Last year, a friend introduced Moore to a contact at Operation Gratitude, a Van Nuys, Calif.-based nonprofit agency that sends care packages to the troops.
Moore, an Air Force veteran from the Vietnam era, learned the group was hoping to find a way to add a deck of playing cards to each of its shipments.
“I figured they would need 250,000 decks,” he said. “I thought it would never happen.”
When his ailing brother wanted to play the slots in Casino Windsor, Moore met the communications coordinator for the casino. She mentioned it was her job to dispense used playing cards to charity.
Moore, who works as a computer programmer,  learned blackjack table cards are turned over every four hours. They are marked with a special pen and their corners are clipped so they cannot be used again at the table.
Moore asked if he could have some of the cards, and the casino officials gave him thousands.
The cards were in boxes, but there could be 15 aces in one pack. Moore put his family and friends to work sorting the cards.
He came up with a method for quicker sorting: One person sorts by suits, and then another sorts by denomination. Another person walks along and peels off one deck and finally a checker looks over each completed deck and puts it in a box.
Moore and friends worked several weekends last fall.
“But we realized we needed help,” he said.
Someone suggested high school students from Macomb County.
They took care of 10 cases, but then casino officials told Moore gambling paraphernalia couldn’t be given to people under 19.
“So I thought, ‘How about senior citizens?’ ” Moore said.
He had contacts with personnel at the Madison Heights’ Solberg Senior apartments. Last November, he dropped off cards for the seniors to sort.

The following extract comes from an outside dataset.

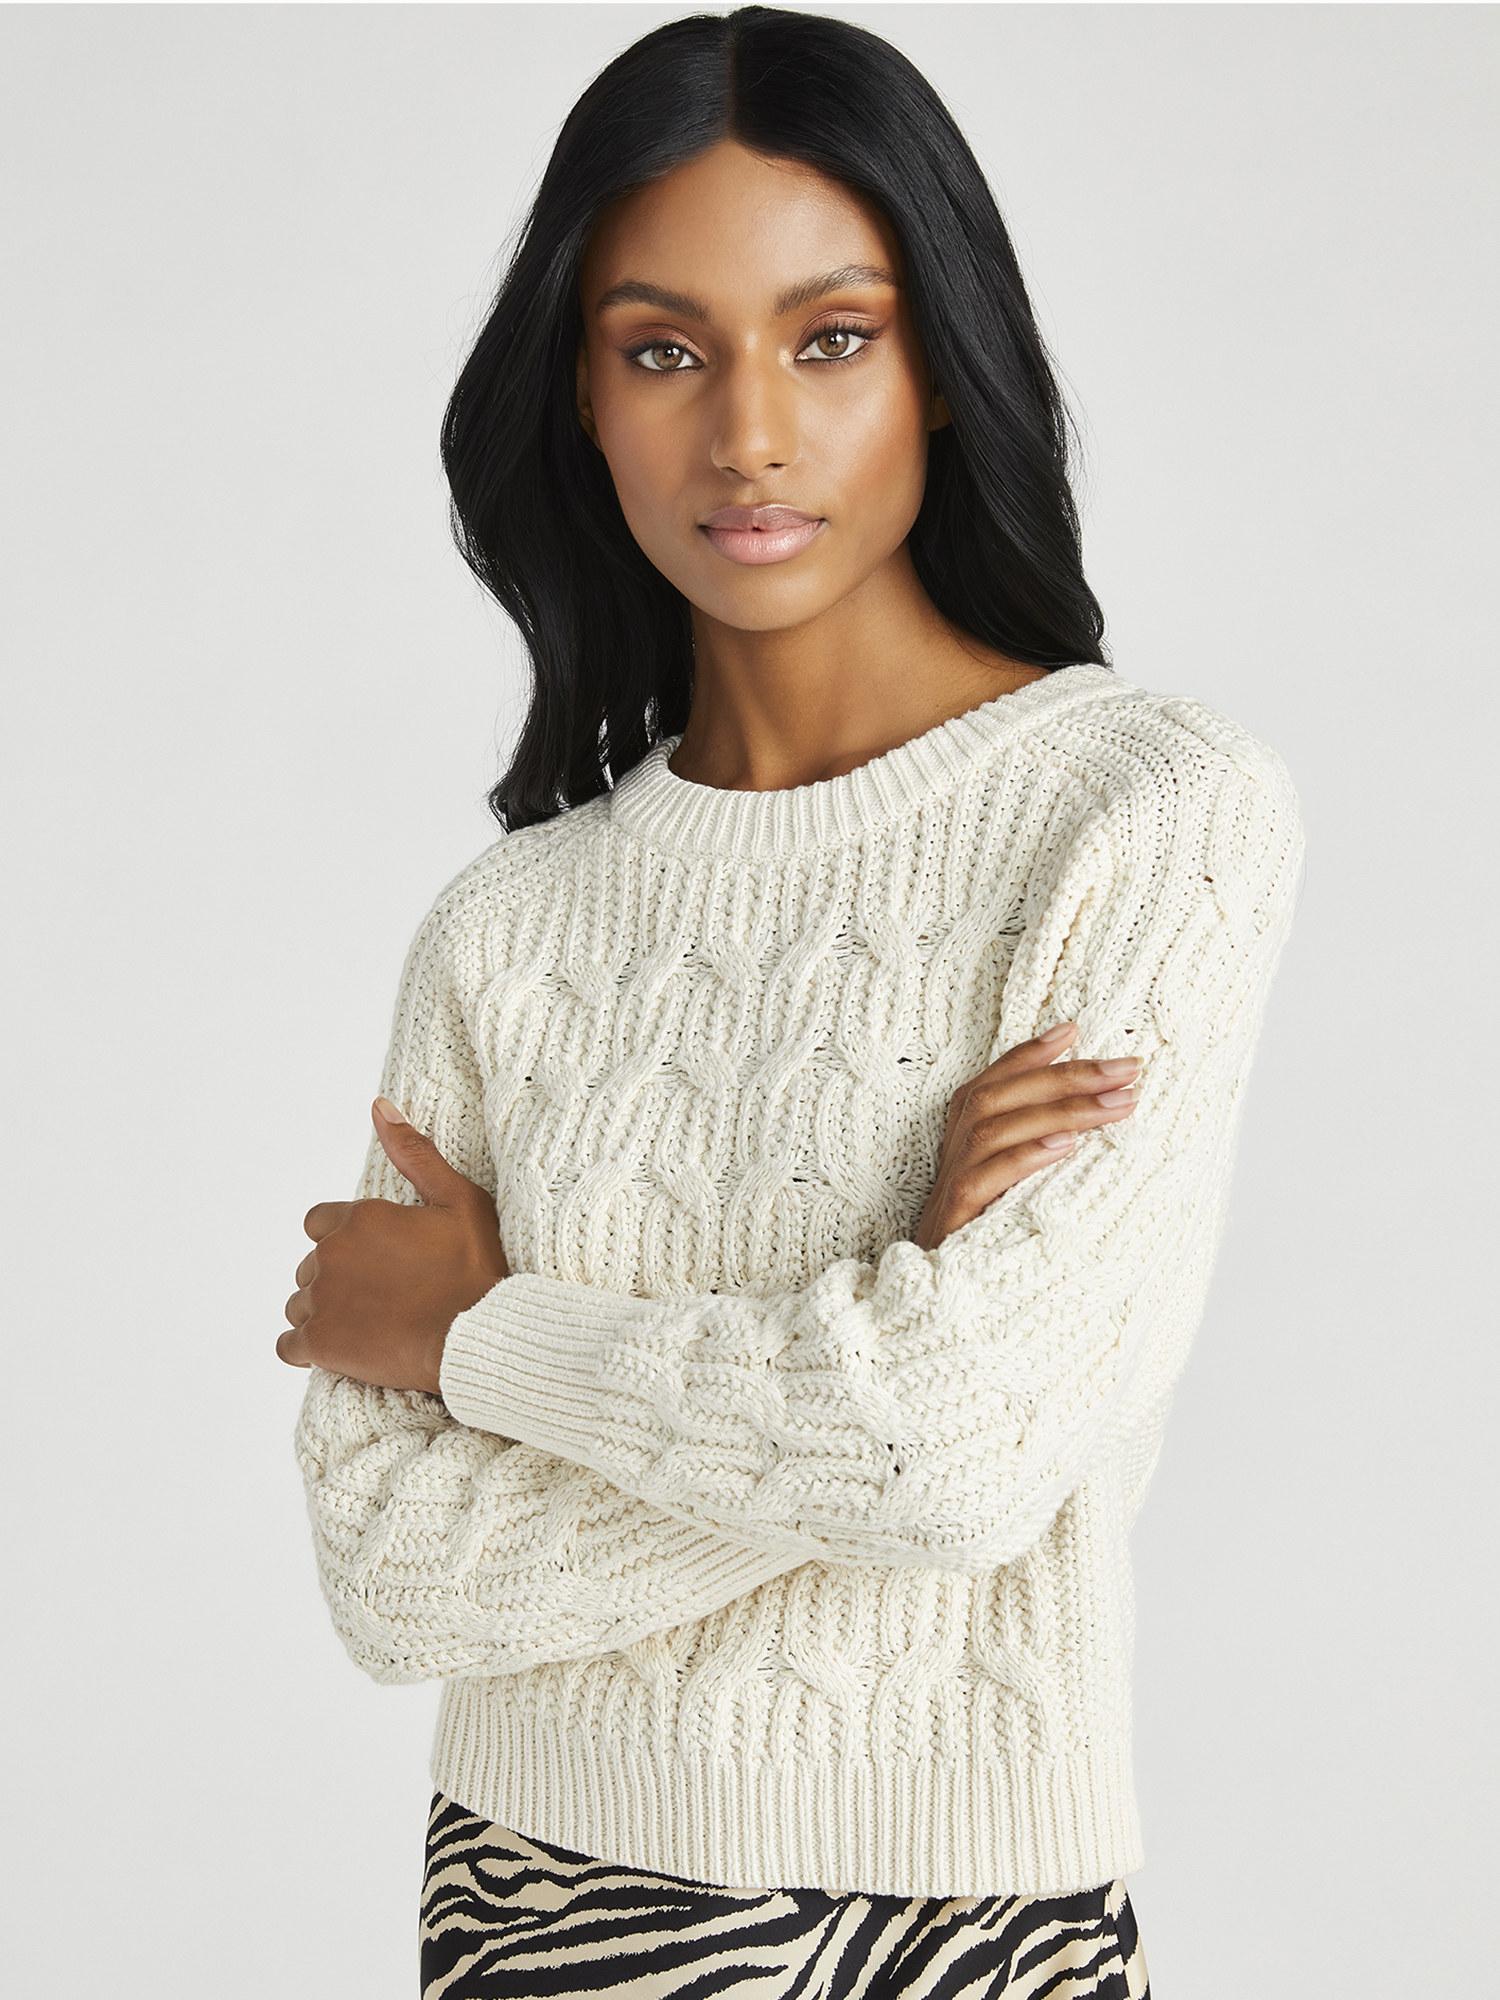 Model wears ivory sweater
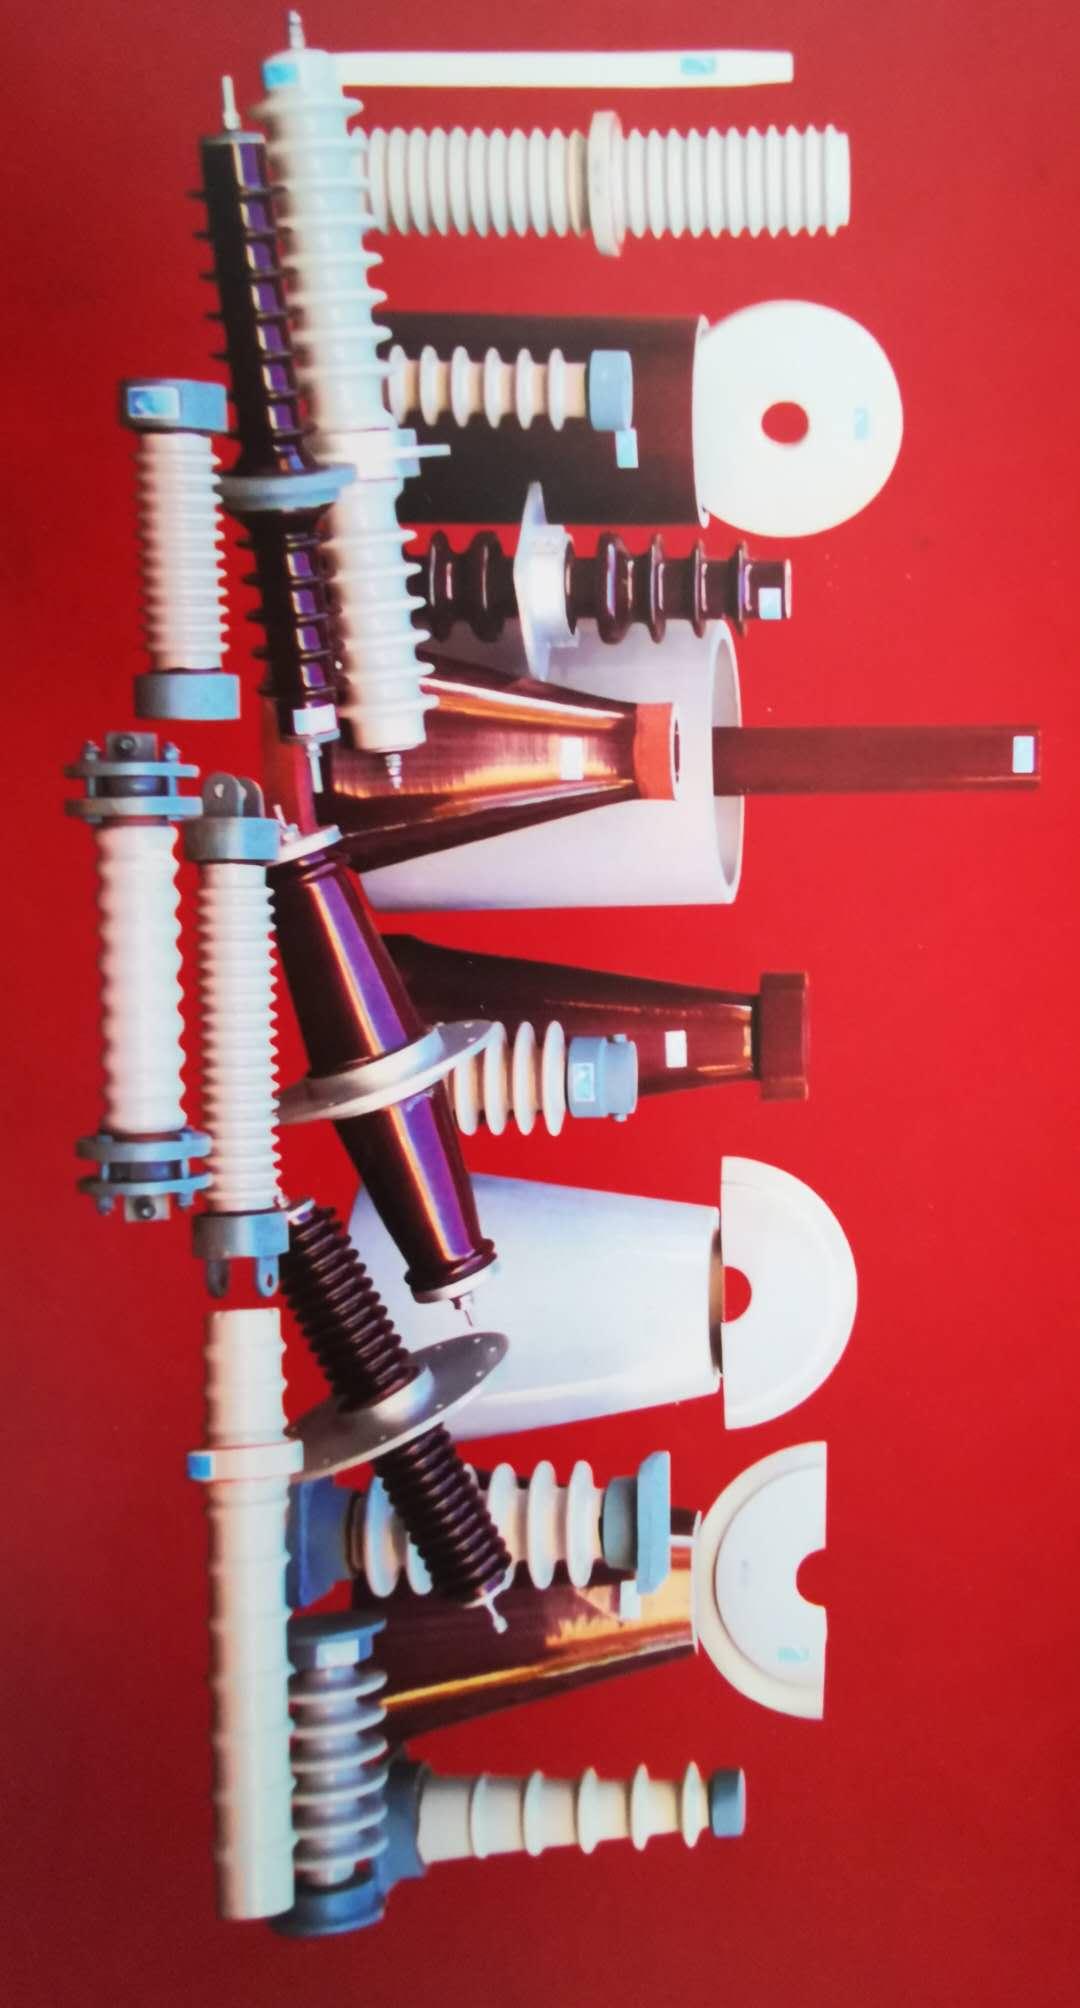 高压电力转轴瓷套 ES0503370331,390mm*80mm,材质电磁白釉,电晕

The idea spread. Soon American House franchises came on board, Moore said.
He now has 32 senior housing locations where residents are sorting cards.
Betty Mazzoline, 74, of the American House Village in Rochester Hills, got involved.
“Instead of us residents sitting there looking at each other, we sort,” she said.
Mazzoline — who had brothers and cousins serve in World War II — keeps track of the cards.
The seniors even have dropped a note into each pack to let them know where the cards are coming from.
“We all enjoy (the sorting) because we know it’s for the boys,” she said. “They appreciate our effort.”
Moore calls his effort Cards for Troops.
“I’d never done anything for veterans,” he said. “Seniors love it. Activity directors have told me it’s therapeutic.”
Moore even had a senior stop him one day to thank him. “She told me her hands don’t shake as much since she started sorting,” Moore said.
Casino Windsor is renovating, and that’s affected Moore’s process.
“Their table games are down, and I’ve had a slowdown of cards,” he said.
After just sending out large shipments to Operation Gratitude this month, he knows his seniors are going to be clamoring for more work.
“To some of the people, this is like a job,” he said.
Moore praises the 400 seniors who have volunteered to help him.
“They’ve touched me with their dedication,” he said.
“I think of them as much as I do the troops. Without them, this never would have happened.”
He knows the request for 70,000 decks next year is high — but he and his sorters have sent out nearly 66,000 this year alone. This November, Federal Express got involved and sent a shipment to California for free, Moore said.
“It’s a big number, and the casinos may laugh, but I need it in the worst way,” he said.